Tuesday, July 24, 2007

OSCON: Data-mining from Open APIs

My afternoon tutorial is Data-mining from Open APIs given by Toby Segaran. I'm currently stuck on the end of a row without access to a power socket, so we'll have to see how my battery holds out.

Toby Segaran talking about Data-mining

Having paged through the book I'm a bit unsure I really want to be in this tutorial, Toby has started out with a fairly dry discussion of what data mining actually is, which isn't really that reassuring. I don't think this is going to be the fun fast-paced tutorial on mashups that I was expecting. I think next year I should probably read the tutorial descriptions before picking what I'm going to, rather than waiting till I arrive at the conference.

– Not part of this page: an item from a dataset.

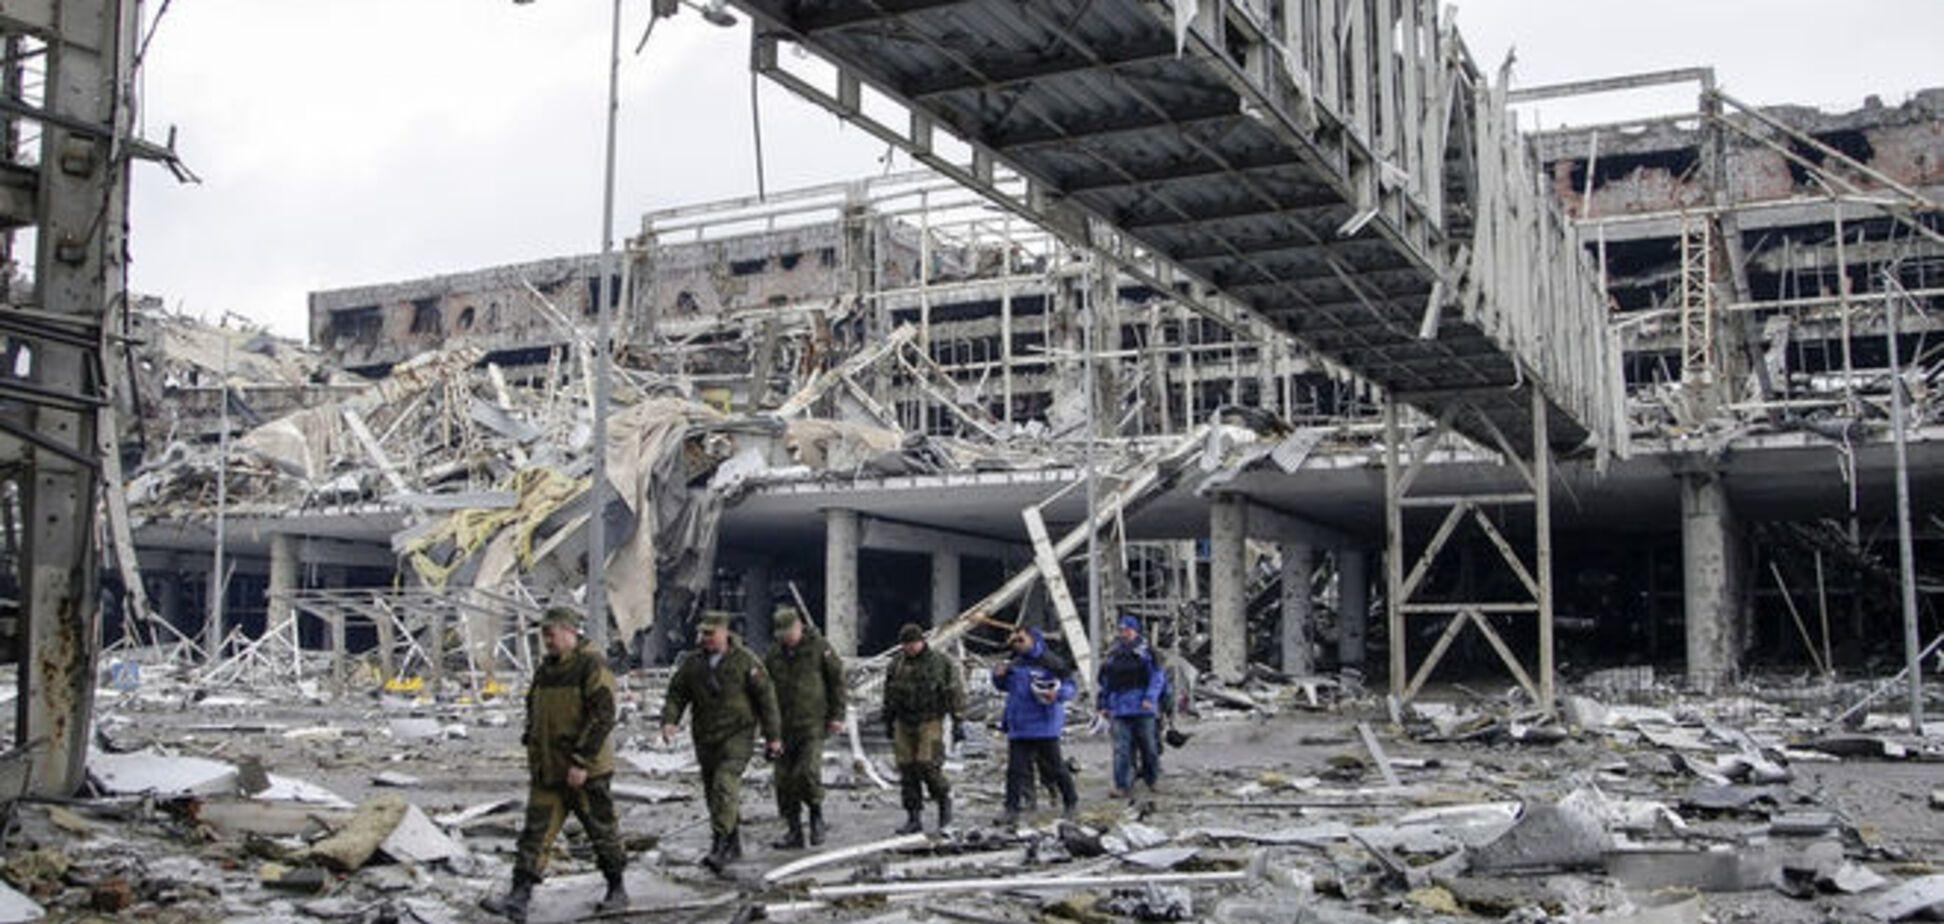 Ситуація навколо аеропорту Донецька залишається напруженою - ОБСЄ

Apparently he's got an book "Programming Collective Intelligence", which covers a lot of the same ground as this tutorial, due out in August with O'Reilly.

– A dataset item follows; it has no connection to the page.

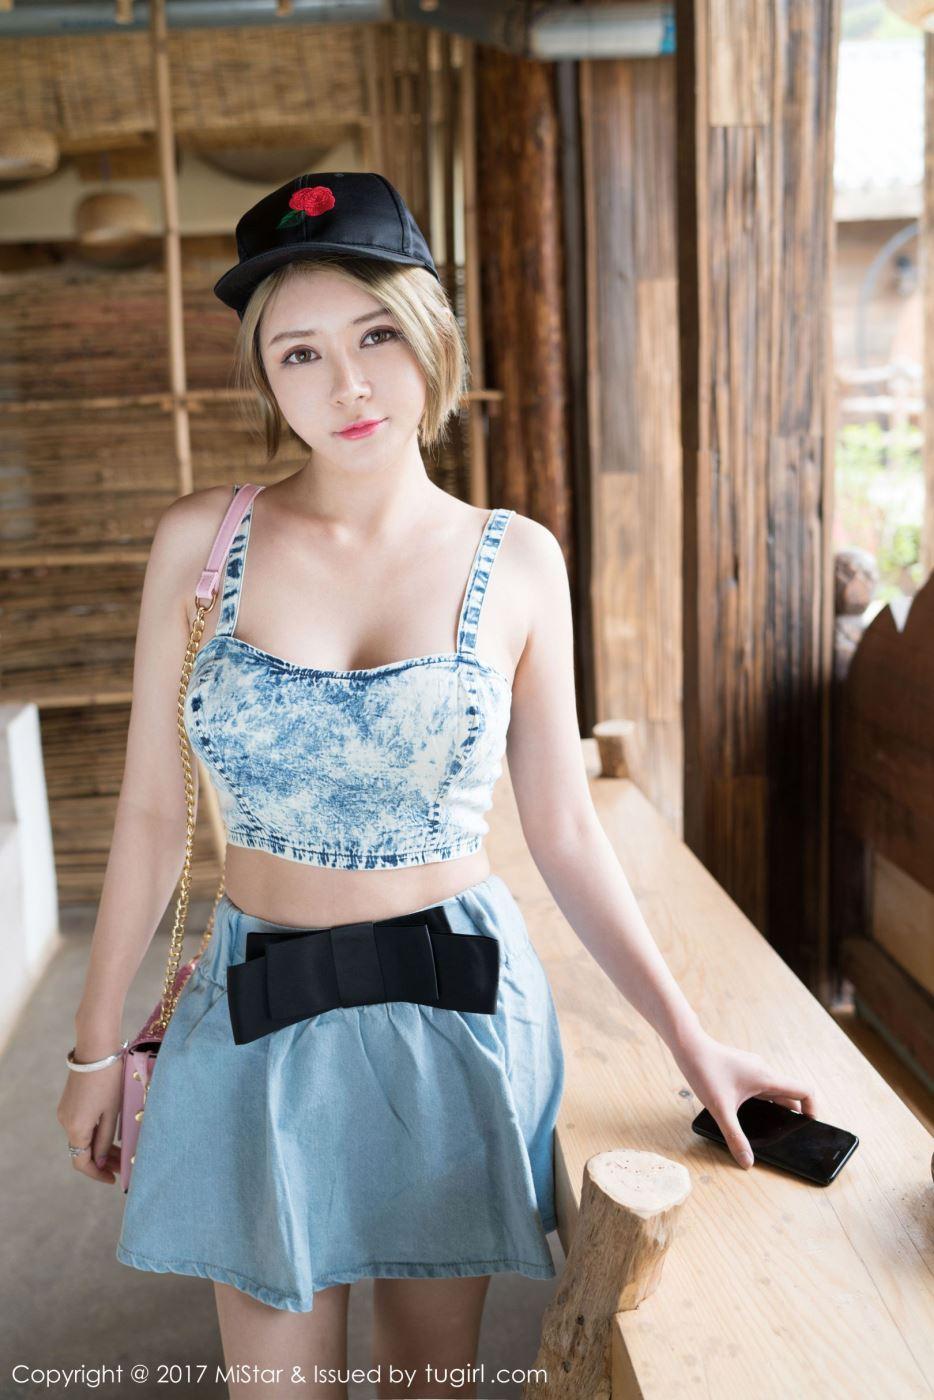 小清新萌妹子凯竹BuiBui短发美女性感时尚写真图片

Update: Oh, he's just started to talk about regression trees and the CART algorithim. Moving on from supervised regression trees, he's talking about unsupervised methods.

Update: He's basing his unsupervised data mining example on grouping blogs on hierarchical clusters. He's using Mark Pilgrim's Universal Feed Reader to harvest the data from the Technorati top one hundred blogs,

I've sure you've all seen blogs...

with lots of Python code flipping across the screen he's building up a matrix of word occurrences and determining the distance between two blogs using Euclidean distance between the word counts. I guess that's okay for a simple example but there are other distance metrics; Manhattan, Tanamoto, Pearson Correlation, Chebychev and Spearman.

Update: He's showing how you can use Dendrograms and K-means Clustering to show how the blogs cluster up. I'm a bit frustrated here, this is good stuff, but his code is written in eight point font, black on white, and almost total unreadable.

Update: Okay, we've just broken for fifteen minutes for an unscheduled break...

Update: We just had about three quarters of an hour of network down time. The network crash happened just as I was posting an update, which appears to be toast. I hate it when that happens...

Update: ...okay, he's just finished two hours early. Erm? What on Earth!?